⟨

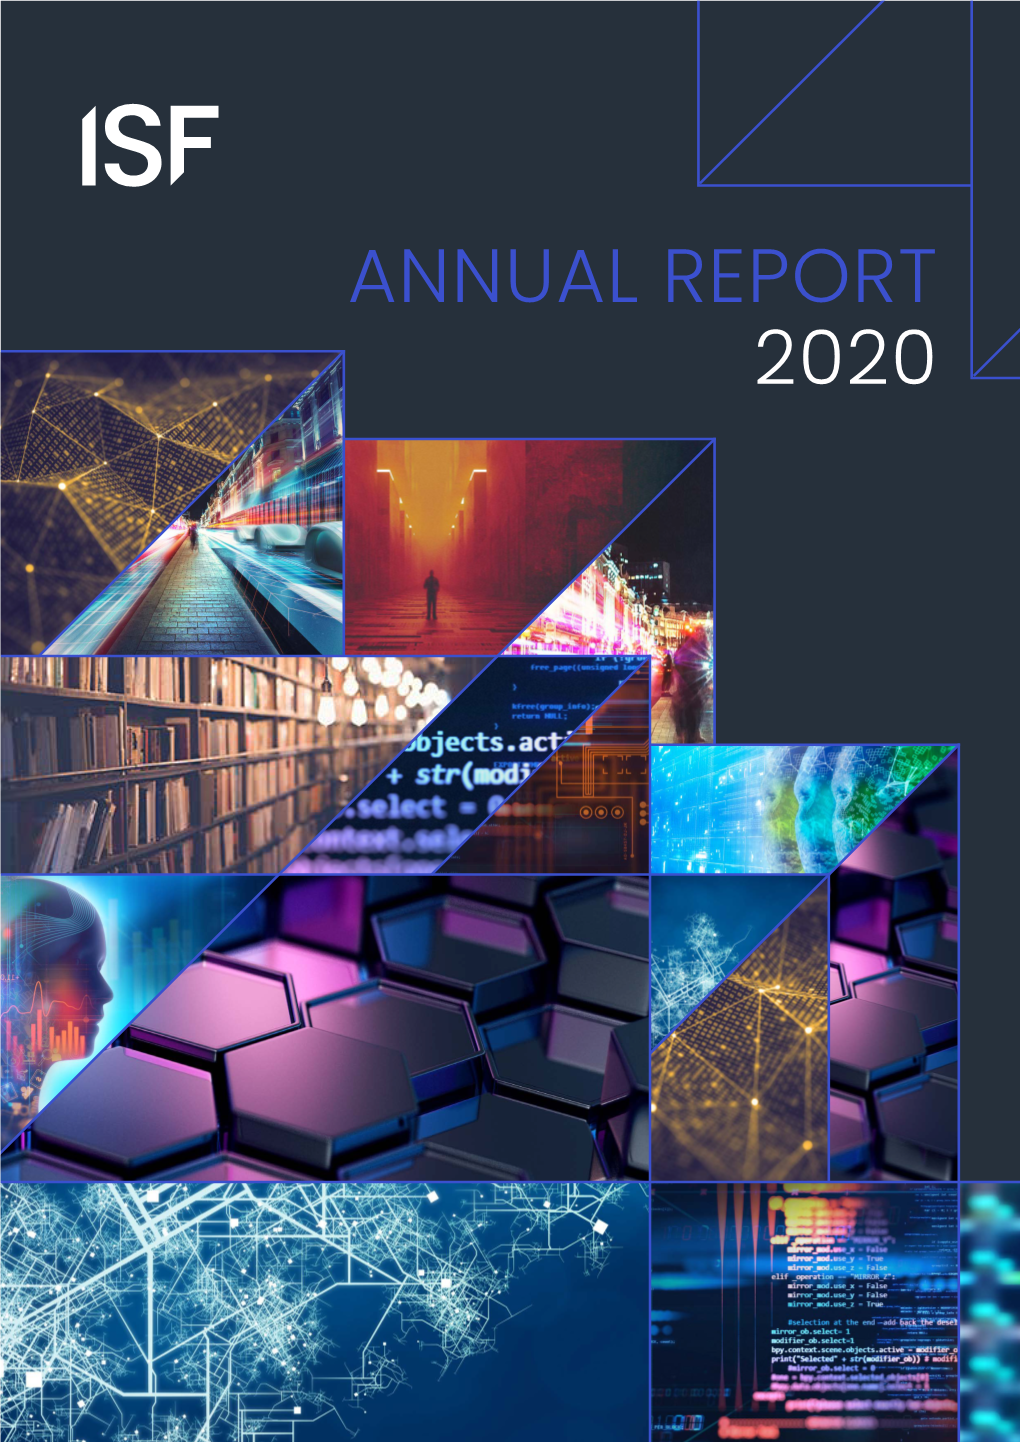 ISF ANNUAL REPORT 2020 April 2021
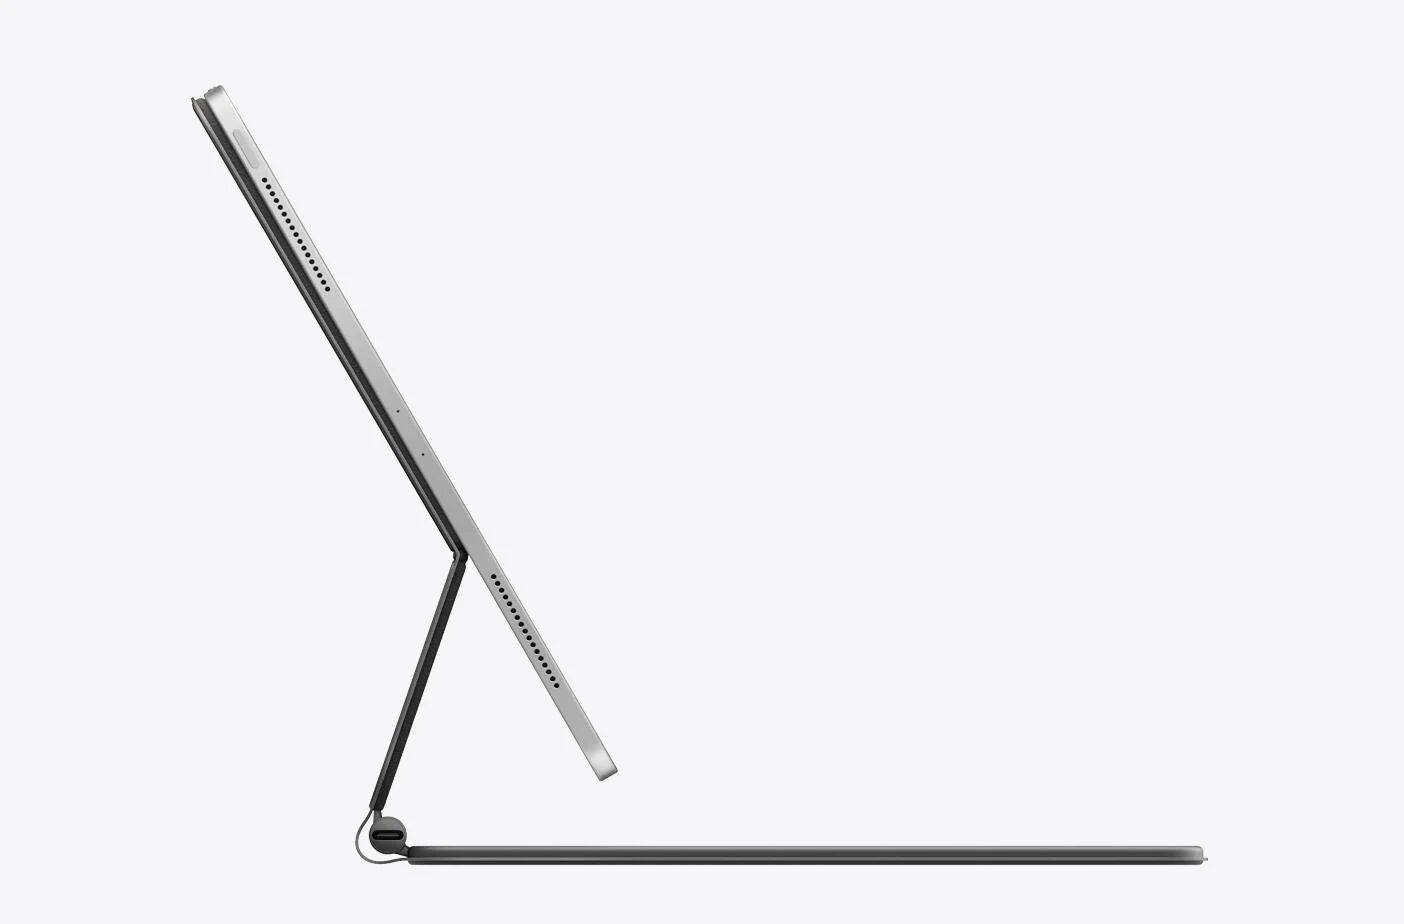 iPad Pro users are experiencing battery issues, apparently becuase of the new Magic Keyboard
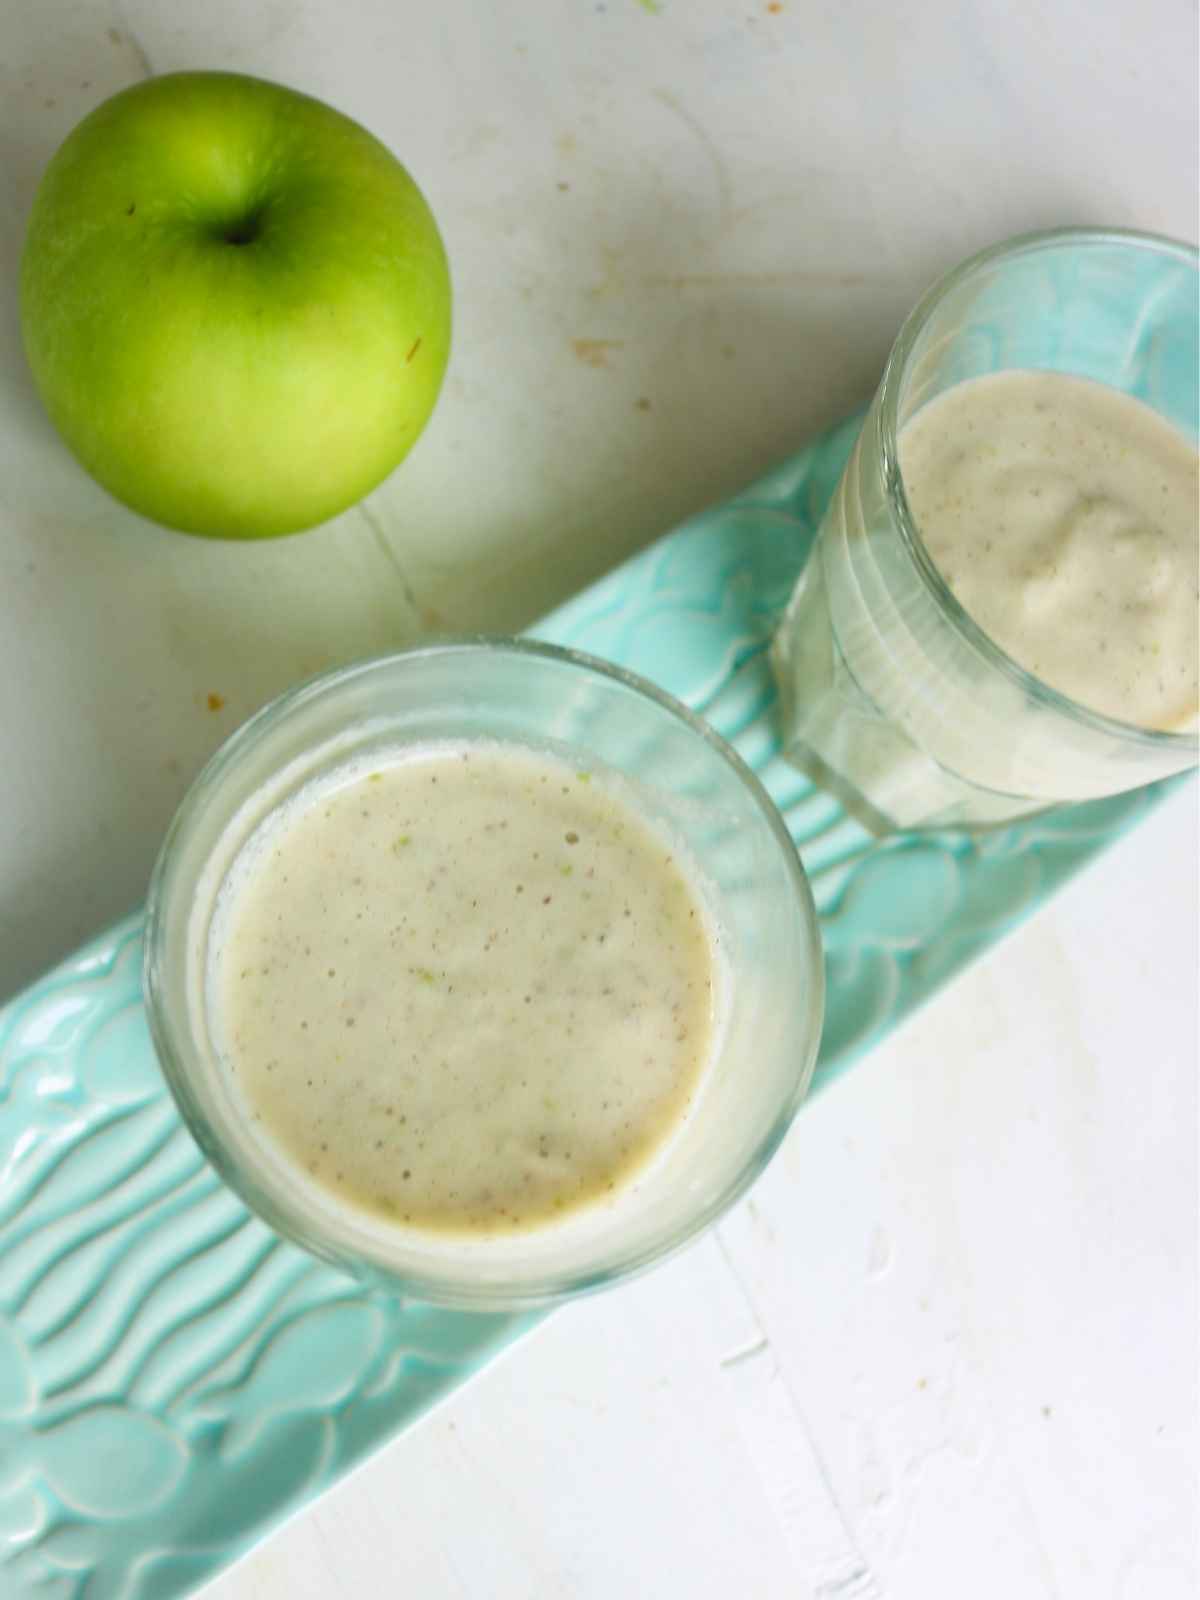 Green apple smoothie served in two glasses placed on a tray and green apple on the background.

⟩

§ PROBLEM DESCRIPTION:
Give the data again exactly, image-free.

§ TASK ANSWER:
 ISF ANNUAL REPORT 2020 April 2021
 iPad Pro users are experiencing battery issues, apparently becuase of the new Magic Keyboard
 Green apple smoothie served in two glasses placed on a tray and green apple on the background.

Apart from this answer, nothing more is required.